Not being enough scares the living shit out of her. She fears making eye contact; she's been told you can see everything in her big eyes. You must keep the steel wall high and intact. She is willing to go to extreme lengths to ensure she doesn't turn out like certain people in her life. She’s scared of kites, specifically the big ones at the beach, and claims that she doesn't know why or understand how they make her feel, but really, she fears that the explanation is too personal.

She’s afraid to be laid bare in front of others—what's even scarier is that she chooses to do it. Does she want to get hurt? We tend to hide those parts of ourselves, scared to display our wounds in fear that the conviction and disapproval of others will hit too deep. 

She loves more than she will ever allow herself to receive; she calls herself a people pleaser, but I really think it's a terrifying form of self destruction. She doesn't know any better, but she will get angry with you for not stopping her. She frequently forgets that she's stubborn. Her relationships tend to disintegrate as she simultaneously lets them disintegrate her. 

She enjoys picking up bad habits from the people she loves. It makes her think of them every time she executes them. She likes thinking of the people who take up space in her heart. Strangely, she wants to become better at the bad habit than the original owner of it. 

To experience the pain of grief is a gift. In some light, you can see that grief is the pain of having so much love for someone, or something, and with nowhere to put it. To experience love is to experience pain. She finds herself always grieving, whether it is a different version of herself, the feeling of happiness, a moment in time, or a physical being, she always finds something to grieve over, I think she enjoys the pain. 

To explain a person's existence means to understand them at their most vulnerable. To imagine how they behave in their room alone, in conversations with people they know and love and with strangers. To lay out who you are from a third person perspective is the most terrifying, it is a sort of embarrassingly painful therapy. 

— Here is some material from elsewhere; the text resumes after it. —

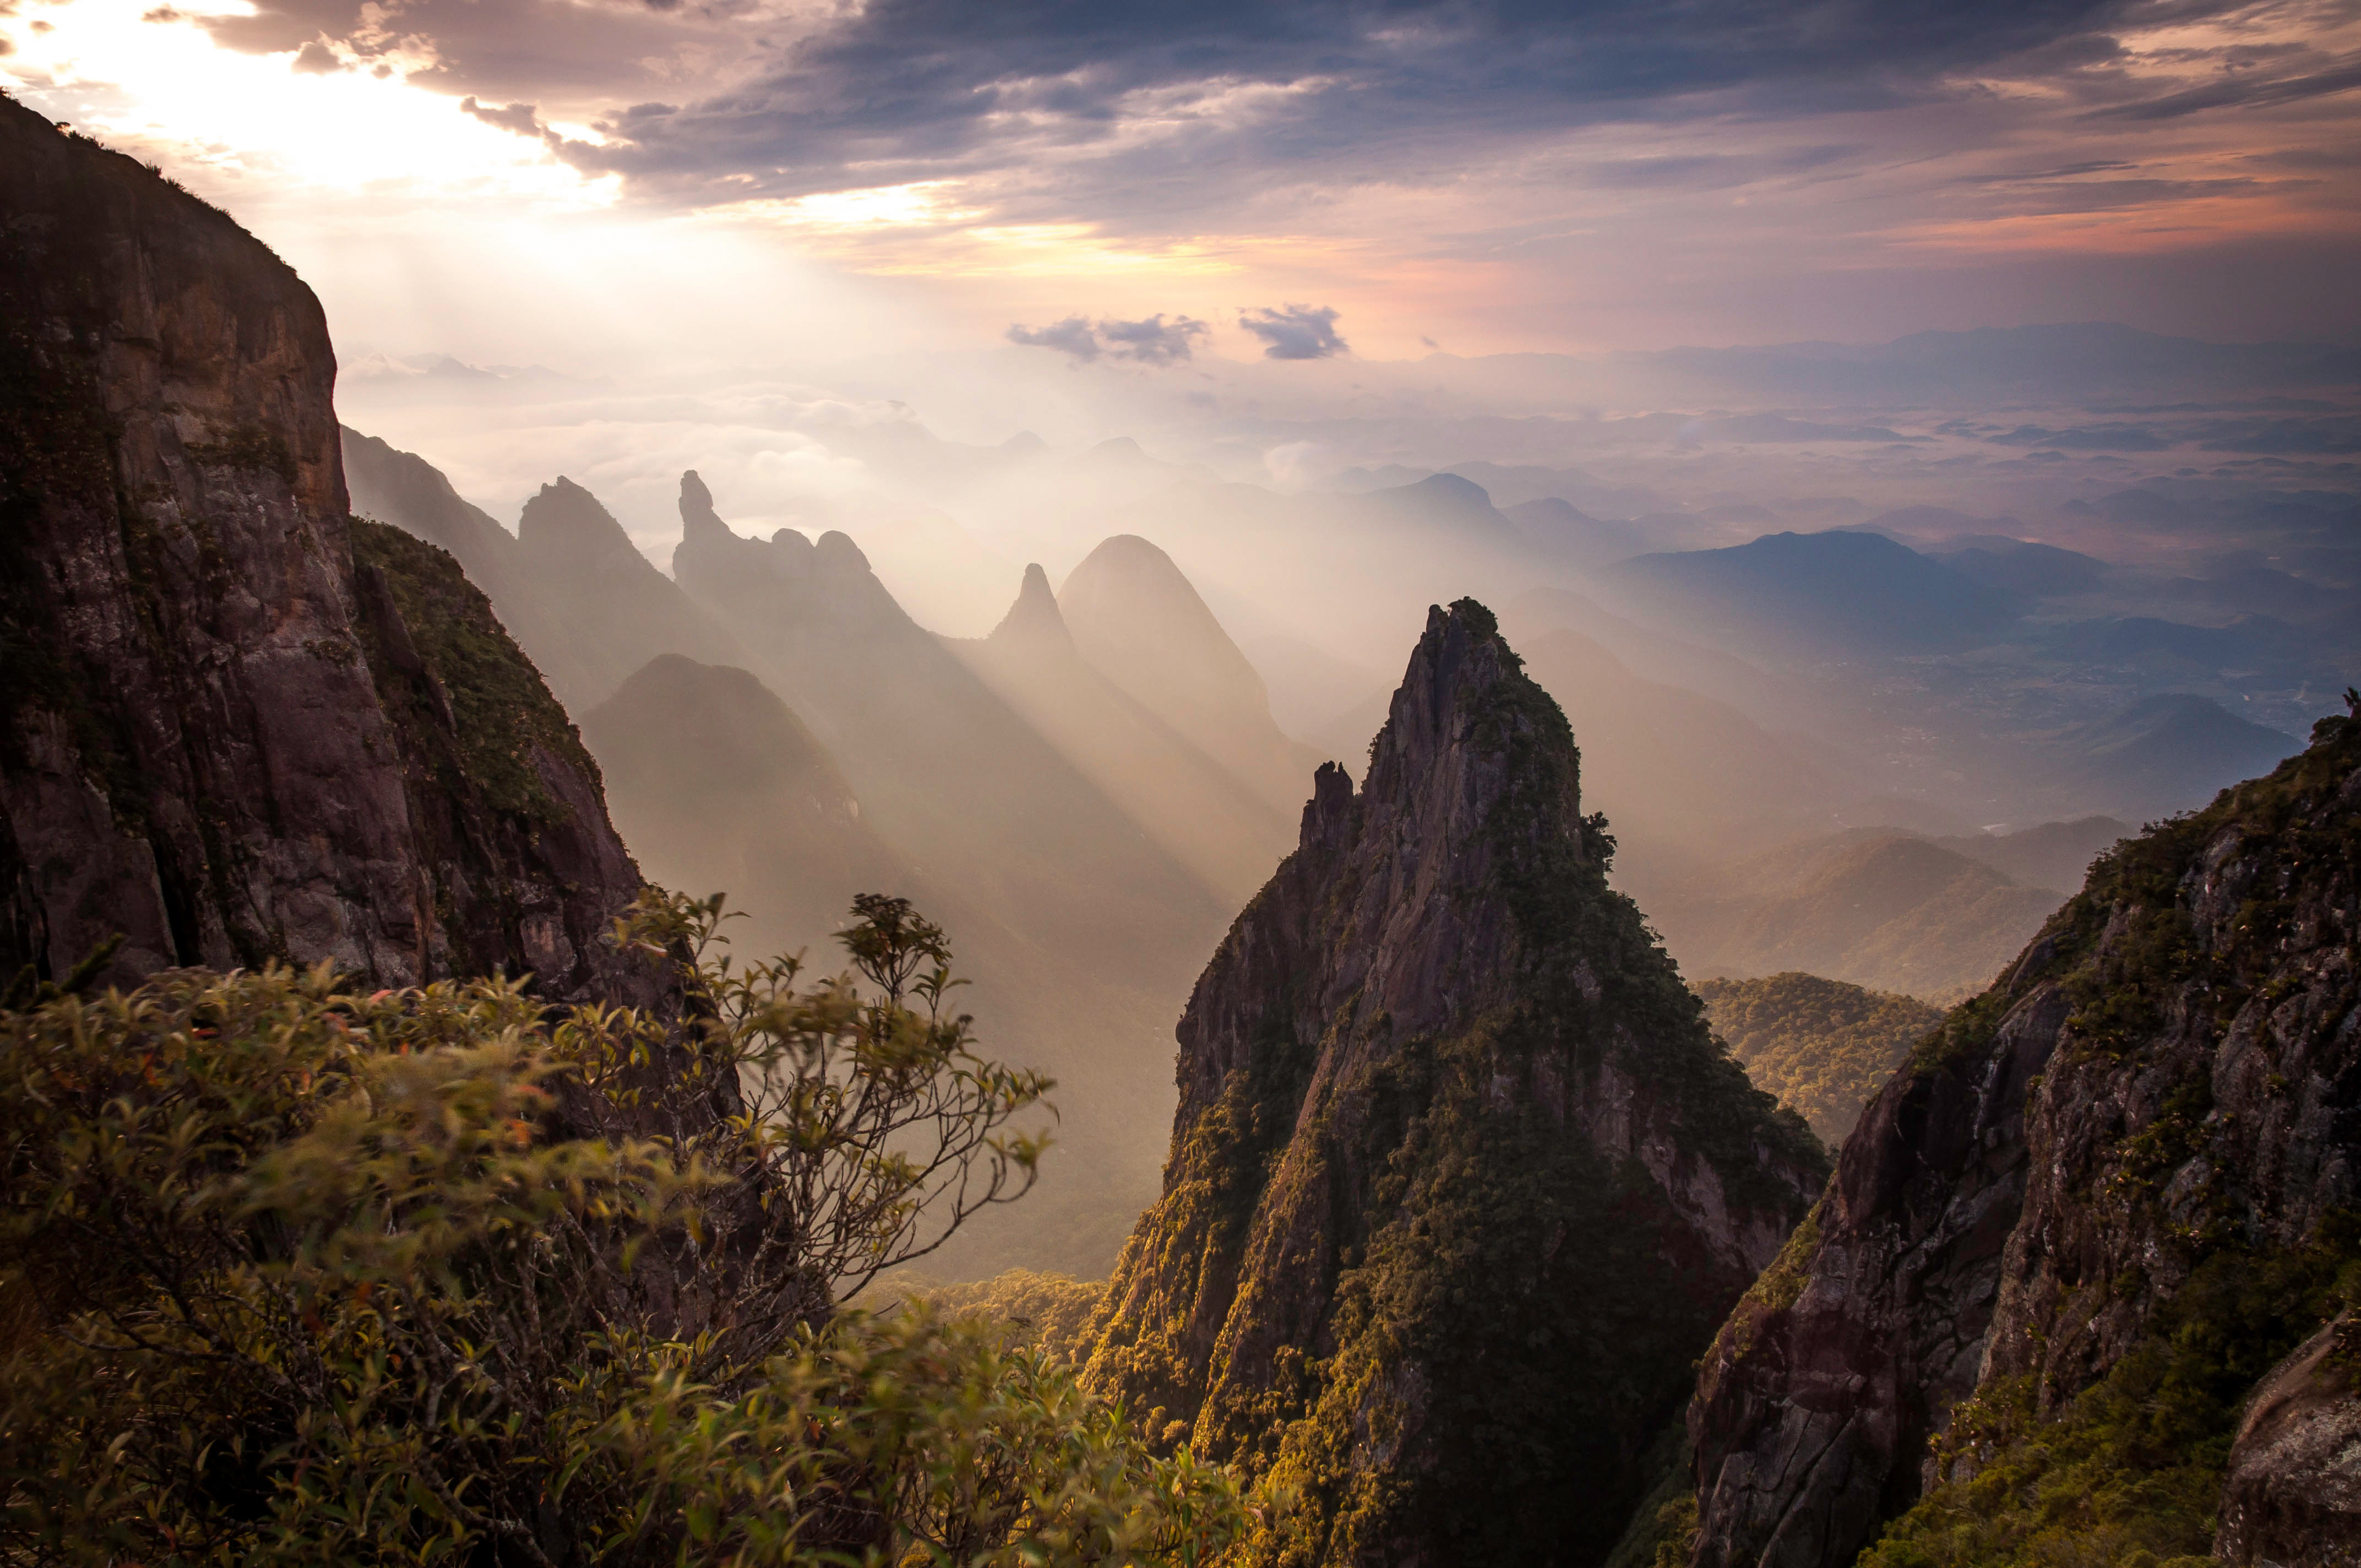 Formações rochosas e o pico Dedo de Deus ao fundo, no Parque Nacional da Serra dos Órgãos, Estado do Rio de Janeiro, Brasil
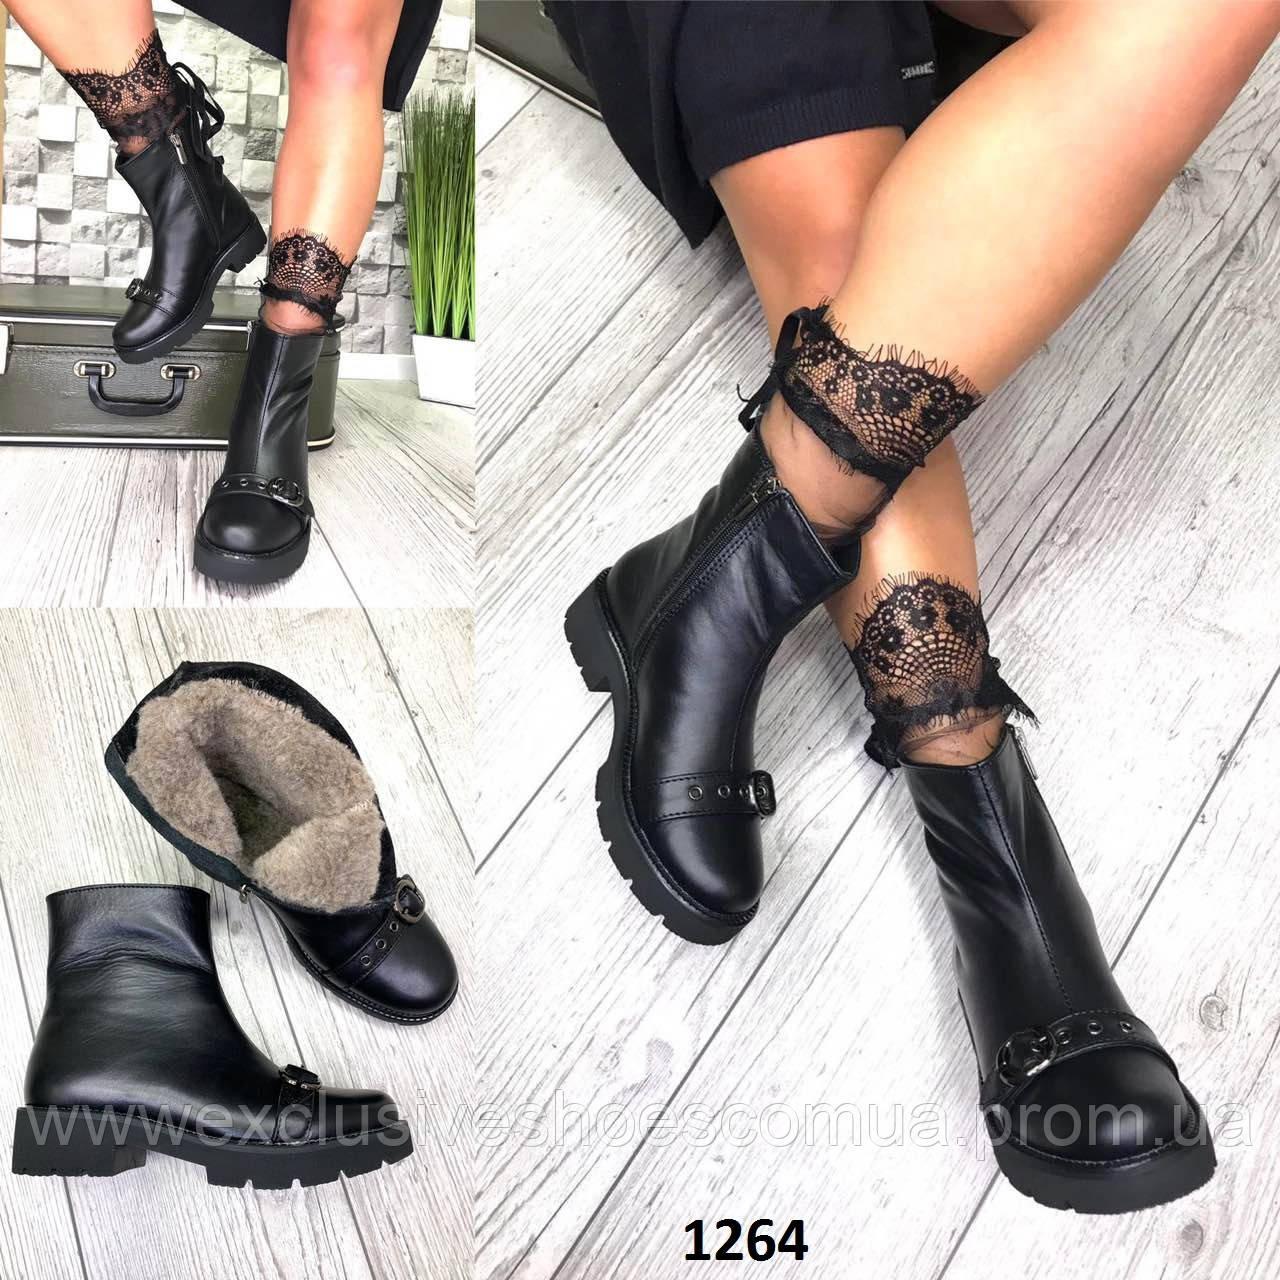 Ботинки женские зимние кожаные черные с пряжкой

But no character remains stagnant, everyone has an arc. Maybe she’ll stop painting her nails red, the red from the heart on her sleeve is enough; maybe she’ll find a shoulder that is just the right height. Hopefully, she’ll learn how to let people in, make eye contact, and uncross her legs; it leads to spider veins and we all know she doesn't want that. Maybe she’ll start drinking more tea to warm her throat, she has important words that want to escape; I think she’s getting warmer.

If you truly think about it, you are just a character in your own life, hopefully the main character, but a character nonetheless.